A Look at B2B Contractual Indexation Clauses in Belgium

A Look at B2B Contractual Indexation Clauses in Belgium

The recent global oscillations in material prices have sent shockwaves through many existing contracts and the businesses bound by them. Especially for industries that survive on thin margins, these price changes can jeopardize the very sustainability of companies.

A common knee-jerk reaction for many has been to review the indexation clauses in their sales contracts. However, many are in for a surprise when they realize that these clauses might not be legally sound due to a piece of legislation from the previous century that's still very much in play: The Economic Recovery Act of 30 March 1976.

It might seem unexpected, but automatic indexation of commercial or industrial prices – whether by the consumer price index or any other metric – is forbidden. Any clauses or stipulations contrary to this are automatically deemed null. A classic example: an indexation based on consumer prices in a transportation contract would be invalid. The exceptions to this rule are rents, salaries, wages, and some social security payments.


What's Permitted?

A pricing indexation clause can be legally viable if:

1. It doesn't adjust more than 80% of the original contract price.

2. It exclusively mentions tangible reasons for the price change.

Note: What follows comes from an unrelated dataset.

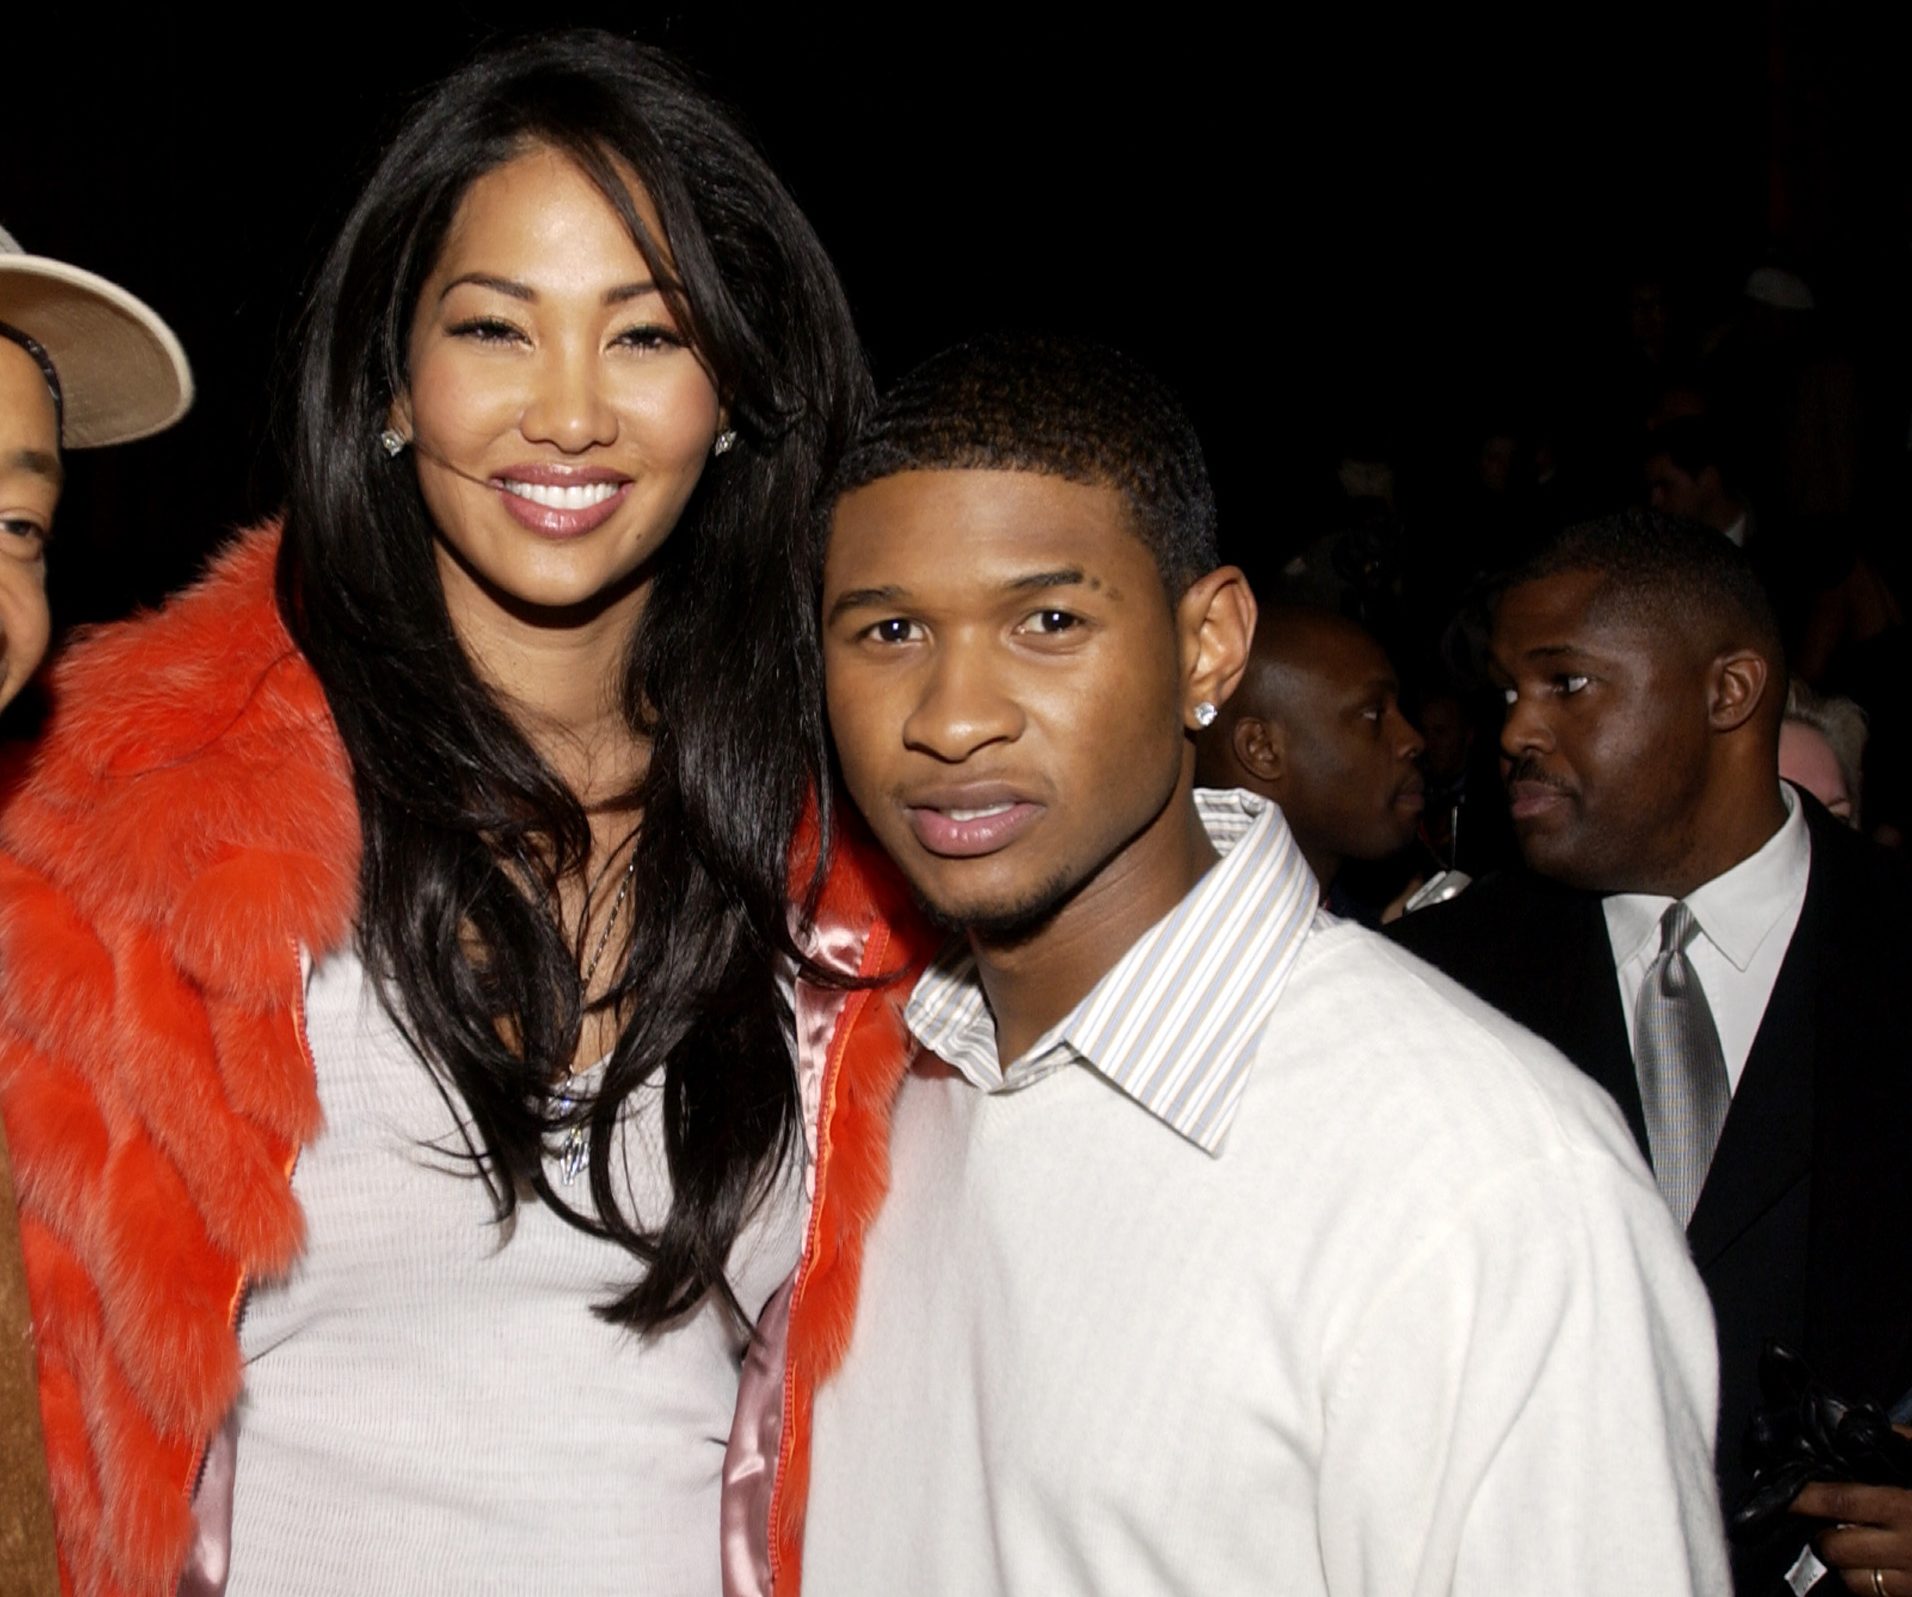 Usher Gets Up Close & Personal With Kimora Lee Simmons During Las Vegas Residency: Watch
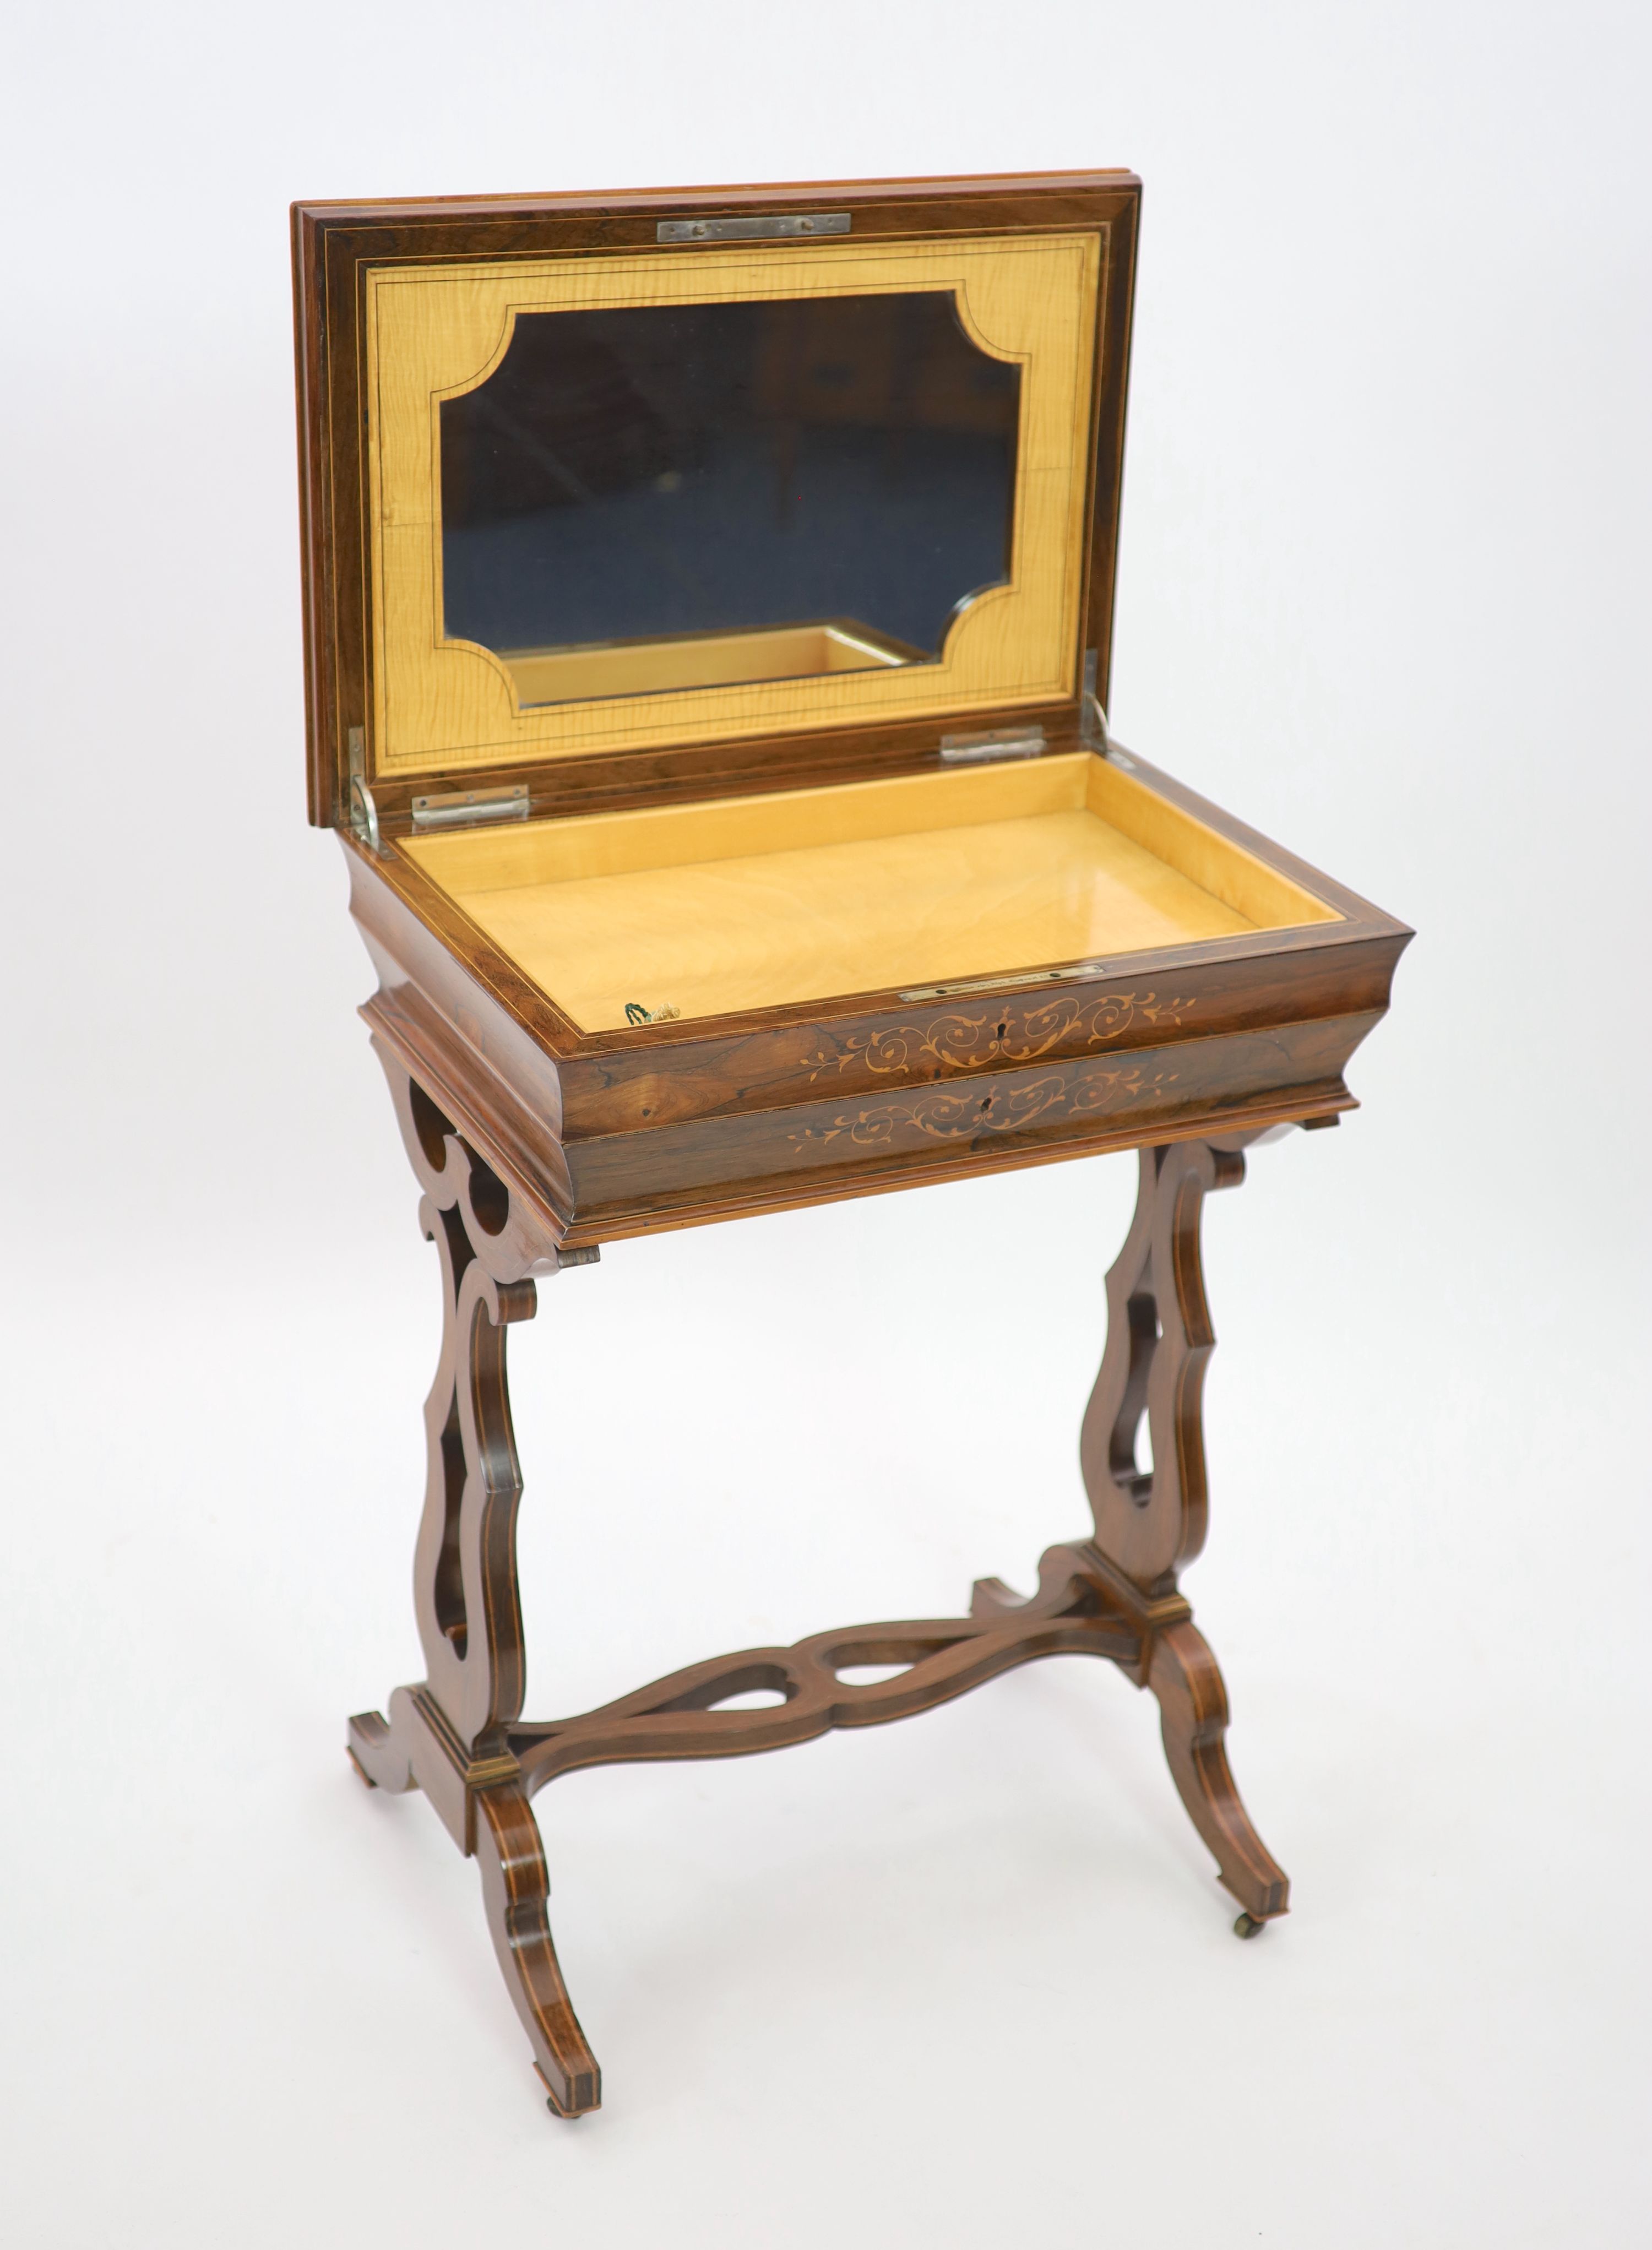 A 19th century French rosewood and sycamore lined lady's dressing table, c.1830, by Alphonse - Image 2 of 6

Apart from avoiding references to prohibited indices, the price adjustment clause can only touch upon 80% of the agreed contract price. The remaining 20% must be fixed. Crucially, the clause should clearly spell out tangible factors justifying the price change, typically articulated through a sector-specific arithmetic formula tied to the contract's nature.

There are, however, nuances for specific sectors. For instance, a security guard business can adjust up to 90% of the starting price. On the other hand, a B2B contract in "technical management and facilities management" should focus on wage growth and commodity costs.


Client Awareness is Key

For a price adjustment clause to hold water, it's imperative the client was informed about it and had given their assent before sealing the deal. This can be explicitly through signing the contract or its terms. In B2B scenarios, silent acceptance, such as proceeding with the contract, may also count.


What should you do?

When engaging with your customers or suppliers into an often difficult pricing renegotiation, be aware of the pricing revision tools that your existing agreement may provide. These may include generic hardship clauses or highly detailed pricing modification formulas. But be equally aware that the validity of such tools may not be a given. When in doubt, do not hesitate to seek legal support to ensure that you have your bases covered.